Stany Zjednoczone przestrzegły Amerykanów przed podróżowaniem na Kubę

Świat
Stany Zjednoczone przestrzegły Amerykanów przed podróżowaniem na Kubę
PAP/EPA/Alejandro Ernesto
Ambasada USA w Hawanie

Waszyngton polecił też ponad połowie personelu ambasady USA w Hawanie opuszczenie wyspy. Jest to reakcja na tajemnicze "ataki", powodujące uszczerbek na zdrowiu dyplomatów USA na Kubie.

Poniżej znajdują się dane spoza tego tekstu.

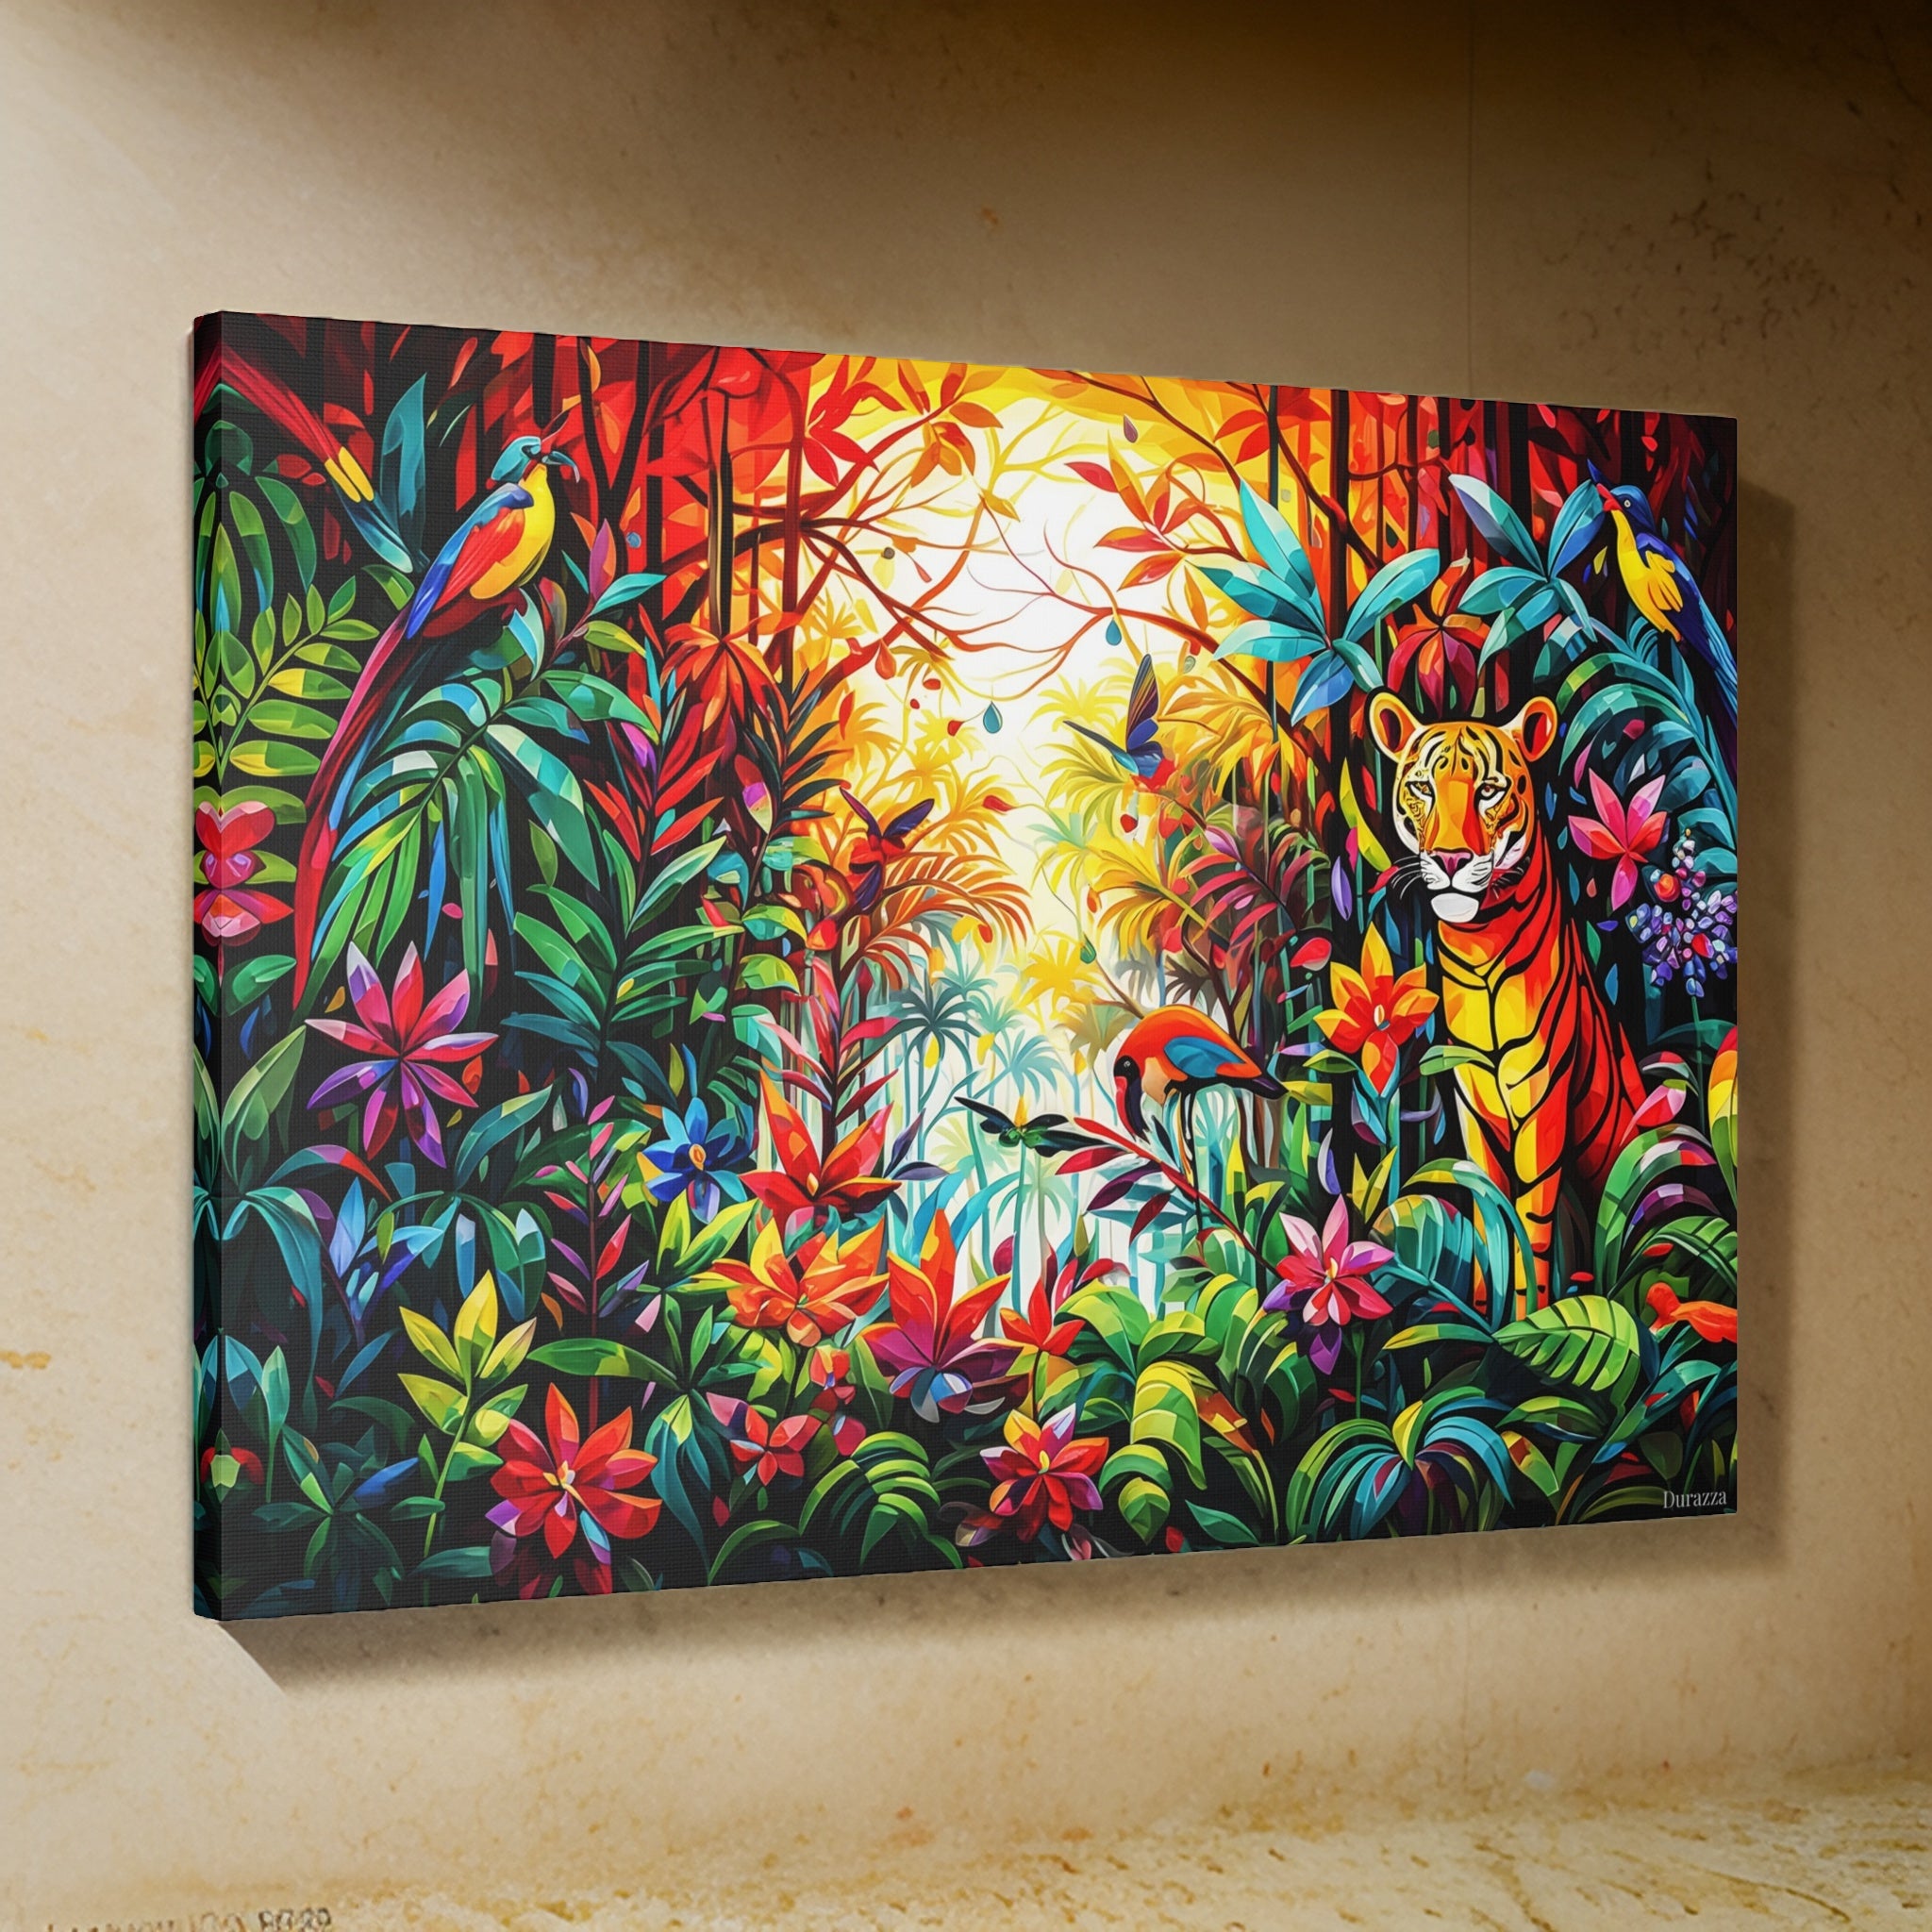 A Tiger's Tale Wall Art: Explore a Vibrant Jungle Paradise

Personel ambasady USA będzie zredukowany do niezbędnego minimum, "dopóki rząd kubański nie będzie mógł zapewnić bezpieczeństwa naszych dyplomatów na Kubie" - poinformował w oświadczeniu sekretarz stanu USA Rex Tillerson, informując o decyzjach Waszyngtonu.

 

Ambasada USA w Hawanie wstrzyma wydawanie wiz i będzie jedynie oferować pomoc obywatelom amerykańskim w nagłych wypadkach.

 

"Znaczące obrażenia"

 

Przestrzegając Amerykanów przed podróżami na Kubę, Departament Stanu podkreślił, że w ostatnich kilku miesiącach wielu pracowników ambasady USA w Hawanie "stało się celem specyficznych ataków", w których odnieśli "znaczące obrażenia". Wystąpiły u nich takie objawy jak problemy z uszami i utrata słuchu, zawroty głowy, bóle głowy, zmęczenie, zaburzenia funkcji poznawczych i zaburzenia snu.

 

Departament Stanu przyznał, że strona amerykańska nie była w stanie zidentyfikować "źródła tych ataków", do których doszło w rezydencjach dyplomatycznych USA i w hotelach, w których zatrzymują się obywatele USA.

 

Na Kubie ma pozostać tylko najważniejszy personel amerykański; pozostali mają opuścić wyspę wraz z rodzinami. Agencja Associated Press pisze, powołując się na przedstawicieli władz, że na razie USA nie wydalają dyplomatów kubańskich z Waszyngtonu, choć było to brane pod uwagę.

 

Szkodliwe dla organizmu człowieka dźwięki

 

Według AP Kubańczycy pragnący udać się do USA będą mogli występować o wizy w pobliskich krajach. USA wstrzymują wizyty swych delegacji oficjalnych na Kubie; amerykańsko-kubańskie kontakty dyplomatyczne będą kontynuowane w Waszyngtonie.

 

O podjętych decyzjach USA powiadomiły Hawanę w piątek rano za pośrednictwem ambasady kubańskiej w Waszyngtonie.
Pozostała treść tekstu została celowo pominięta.